SKRMETTI ANNOUNCES PHASE 2 OF ‘OPERATION ROBOCALL ROUNDUP’
Nashville, TN – Today, Tennessee Attorney General Jonathan Skrmetti announced Phase 2 of Operation Robocall Roundup, expanding the crackdown on illegal robocalls to include four of the largest telecommunications companies in the country. Inteliquent, Bandwidth, Lumen, and Peerless have collectively facilitated an estimated 3.4 billion scam calls nationwide since 2020.
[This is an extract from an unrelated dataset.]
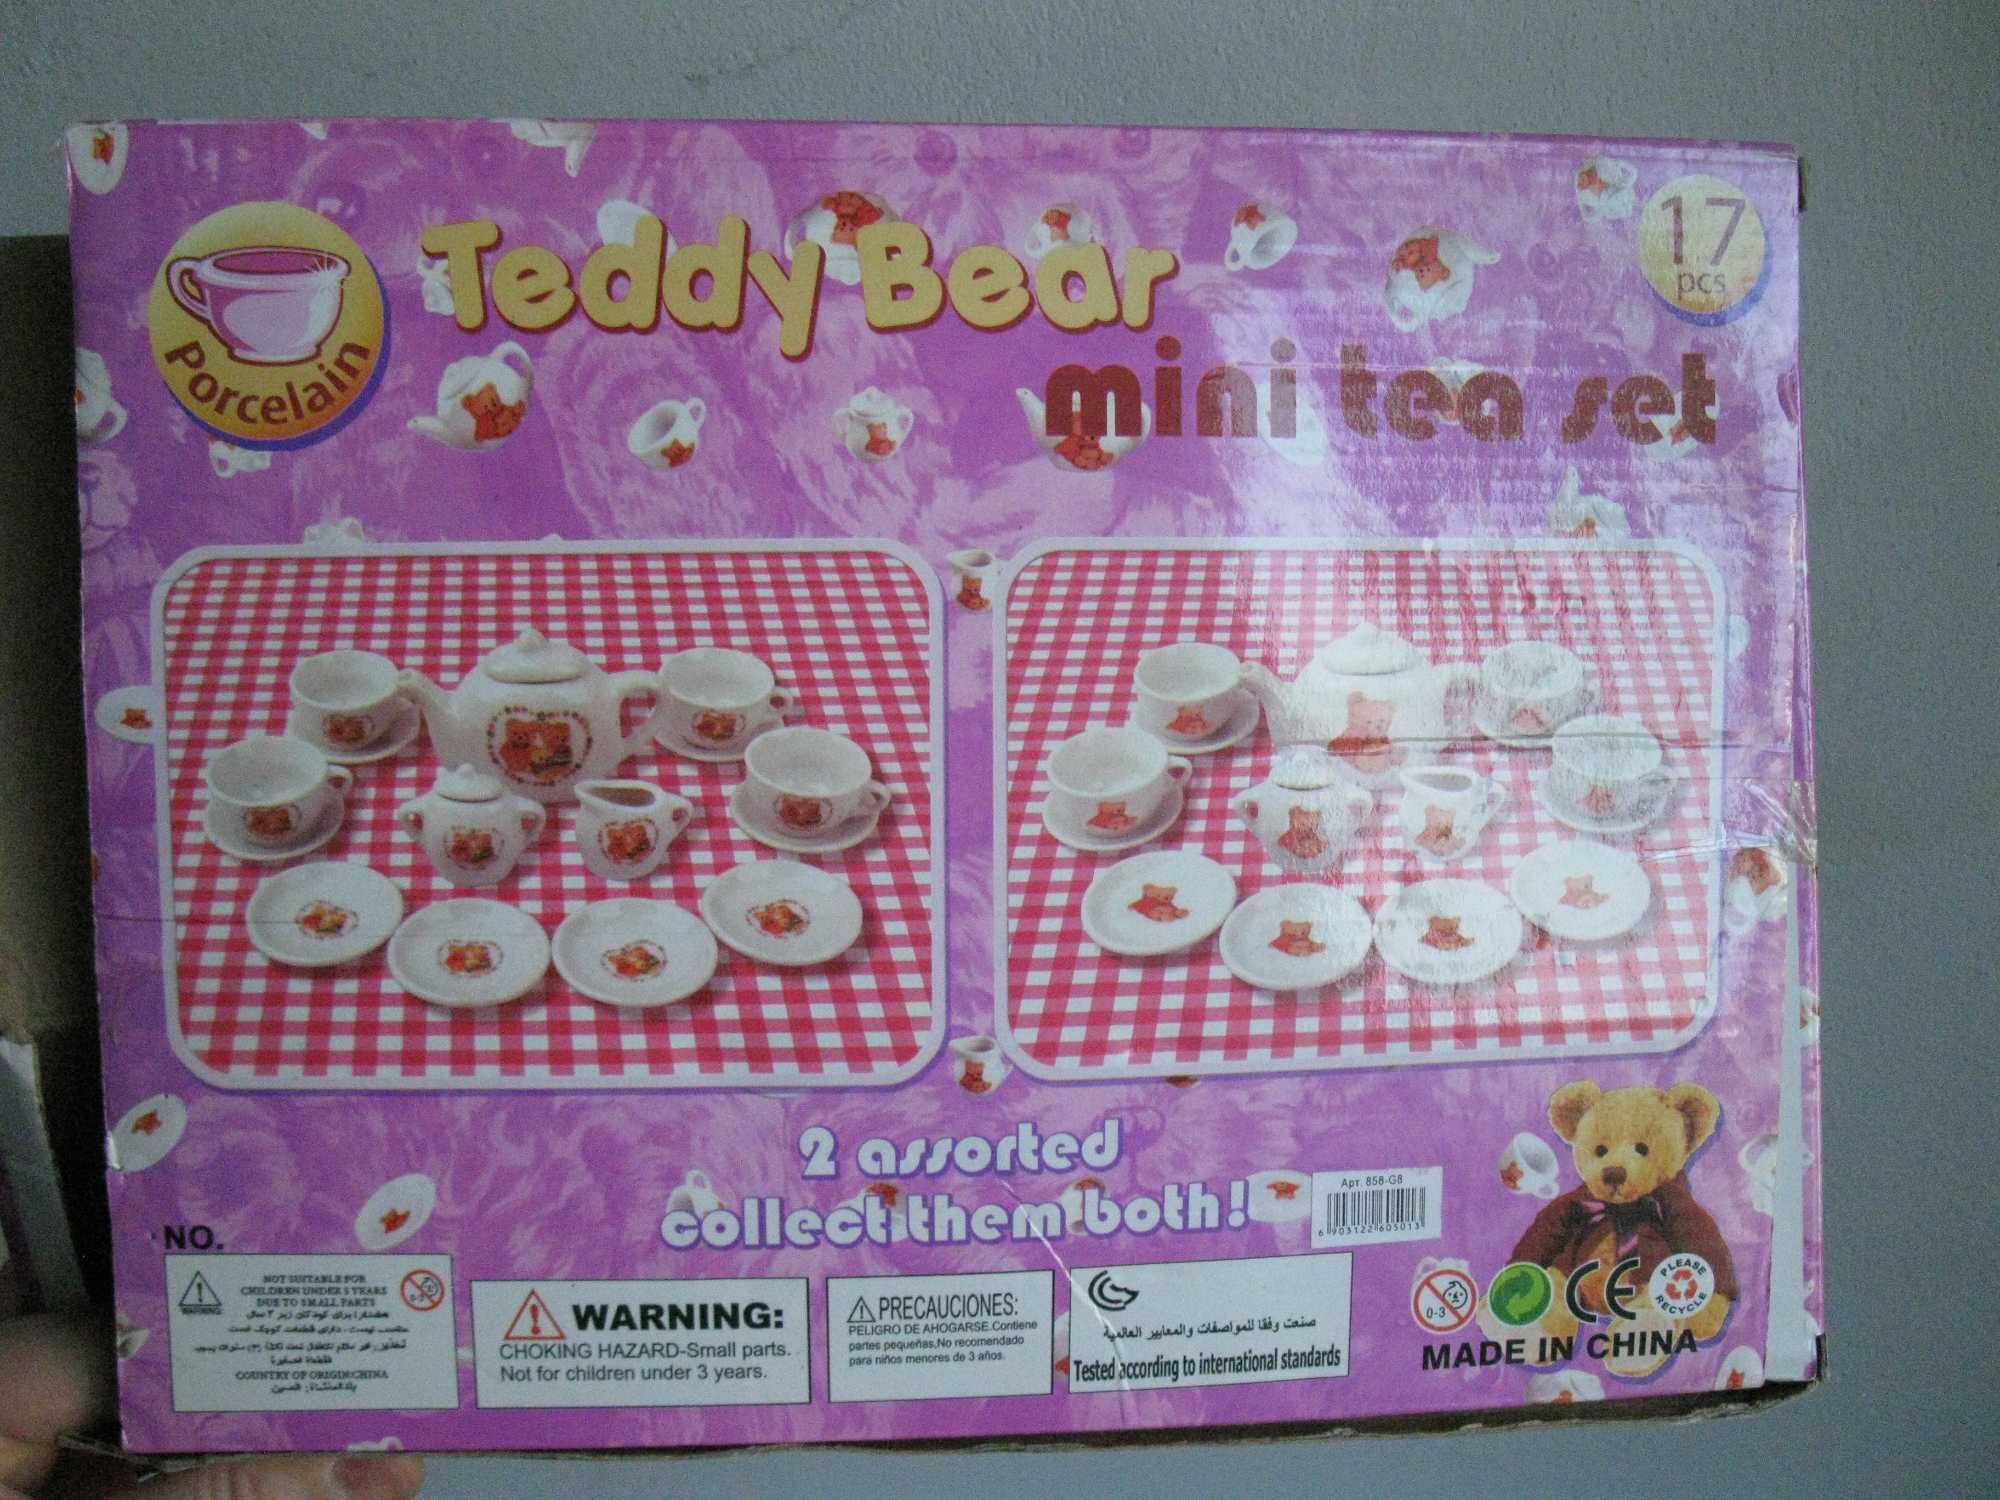 Игрушечный чайный сервиз набор Teddy bears mini tea set  17 pcs

“These aren’t small players. They are some of the largest telecom companies that form the backbone of America’s phone network,” said Attorney General Jonathan Skrmetti. “Despite action by Attorneys General across the country, they continue to profit from routing these illegal calls into millions of American homes. We are intensifying enforcement against these bad actors to ensure stronger safeguards for consumers.”
The Problem at Scale
| Provider | Total Traceback
Notices (since 2019) |
Estimated Amazon/Apple
Imposter Robocalls (3-year period) |
Estimated
SSA/IRS Imposter Robocalls (3–4-year period) |
| Inteliquent | 9,712 | 450 million | 1.425 billion |
| Bandwidth | 3,060 | 162.7 million | 301 million |
| Peerless | 5,662 | 210.7 million | 585.3 million |
| Lumen | 7,265 | 261.5 million | 886.2 million |
The first column in the table reflects how many traceback notices each company has received since 2019. A traceback notice is an official alert from industry investigators indicating that a company transmitted a call tied to a suspected illegal robocall campaign. The next two columns estimate the major scam categories – such as fake Amazon, Apple, Social Security, or IRS calls – that moved through each company’s network. Together, the data shows both the specific types of scams these companies helped transmit and the staggering volume of robocalls flowing across their systems.
As larger providers, these companies have a heightened responsibility to decline call traffic from known and repeat bad actors. Despite extensive industry notices and years of documented warnings, these four providers continue to route suspected illegal robocalls onto the network and into American homes.
Phase 1 Has Already Delivered Results
In August, as part of Phase 1, Attorney General Skrmetti and the Task Force sent warning letters to 37 smaller companies, producing immediate results:
- 13 companies were removed from the FCC’s Robocall Mitigation Database, cutting off their ability to route calls in the US.
- 19 companies stopped appearing in any traceback results, indicating they ceased routing suspected illegal robocalls.
- At least 4 providers terminated high-risk customer accounts identified as transmitting illegal traffic.
The Anti-Robocall Litigation Task Force, formed in 2022 by 51 Attorneys General, investigates and takes legal action against companies responsible for significant volumes of illegal and fraudulent robocall traffic routed into and across the United States.